Comment 5 has not been addressed – it is not clear why LPS was chosen to activate B cells, is this what authors envisage driving B cell differential expression in CIA/is it CIA mimetic somehow? Is FcgRIIb upregulated by TLR-signalling? The authors’ reasons for choice of stimulant may be entirely relevant, but are not clearly explained. Similarly for macrophages? I am still somewhat confused as to why the authors have not even attempted to compare naïve and CAIA B cells, macrophages, NK cells. Particularly as within Cia9i and Cia9k there are both mice that develop and do not develop disease? Comment 6 – I believe that it is legitimate to state that the cells are more difficult to isolate for functional studies, but at least the expression of FcgRs can be done on splenic cells rather easily?

To the Authors,
The authors have not addressed comments 5 and 6 –if they are attempting to explain the impact of FcgammaRs in arthritis, and they have chosen to show both CIA and CAIA – then the mechanism is the same in both disease models? If not (the mechanism is not the same) – then authors should not show both disease models. If the mechanism is the same, then the stimulus driving FcgammaR differential expression should be shared? I can accept that it could be an inflammatory and mimicked by LPS, but it is very much a leap, when the authors have not showed that diseased animals share the defect as observed with LPS stimulation of cells derived from naïve mice in vitro.

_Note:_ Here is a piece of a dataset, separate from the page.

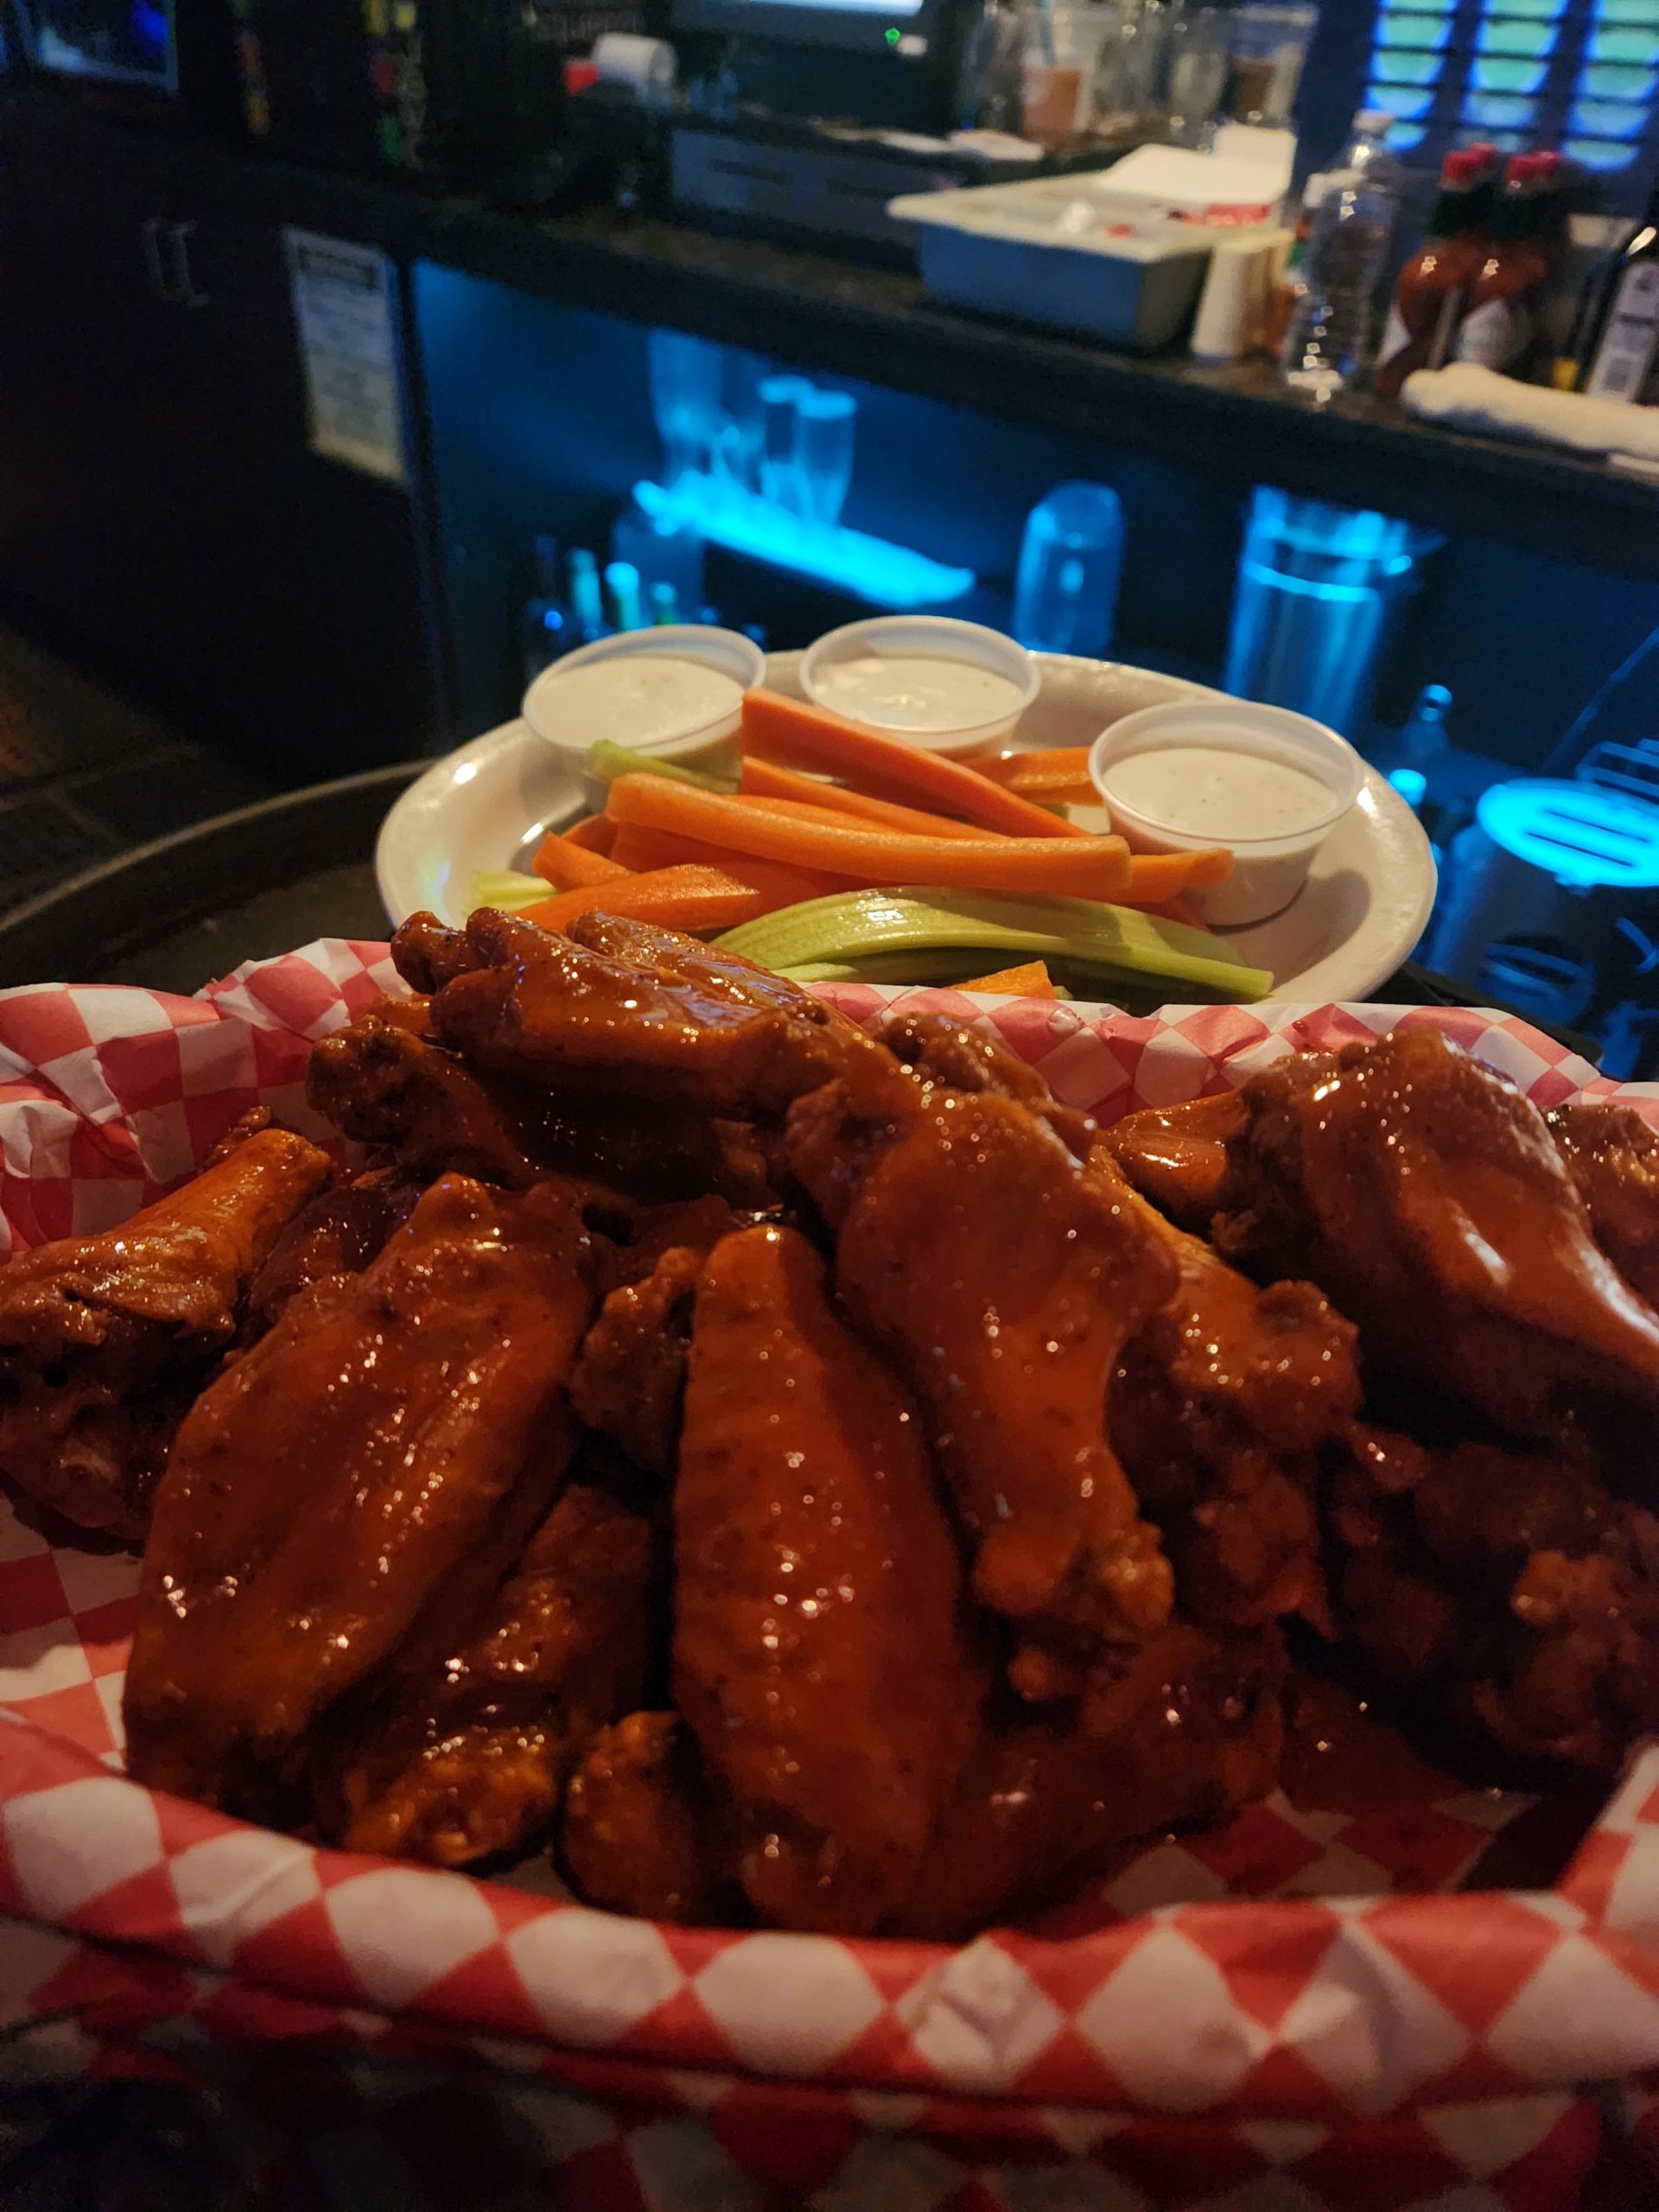 Fried Chicken wings - Bar food in Phoenix AZ

The response about space restrictions to asking to see ex vivo data for myeloid cell is not sufficient.

The below relates to my first comment about the overall impression of the manuscript.
The authors should not overstate results, use language clearly and precisely. The two below are statements that are not interpretable and there are a number of similar claims throughout the manuscript:
“To study a possible FcγR3 independent effect of the congenic fragment, we first investigated reactive oxygen species (ROS) induced phagocytosis of Daudi cells, showing a difference by the Cia9i but not the Cia9k fragment. ” – between what and what? Compared to WT?
“The serum levels of anti-CII Ig, IgG1 and IgG2b were elevated in FcγR2b KO mice, which was related to arthritis severity rather than a direct effect on B cell response.” - as far as I can tell, only IgG2b are significantly elevated?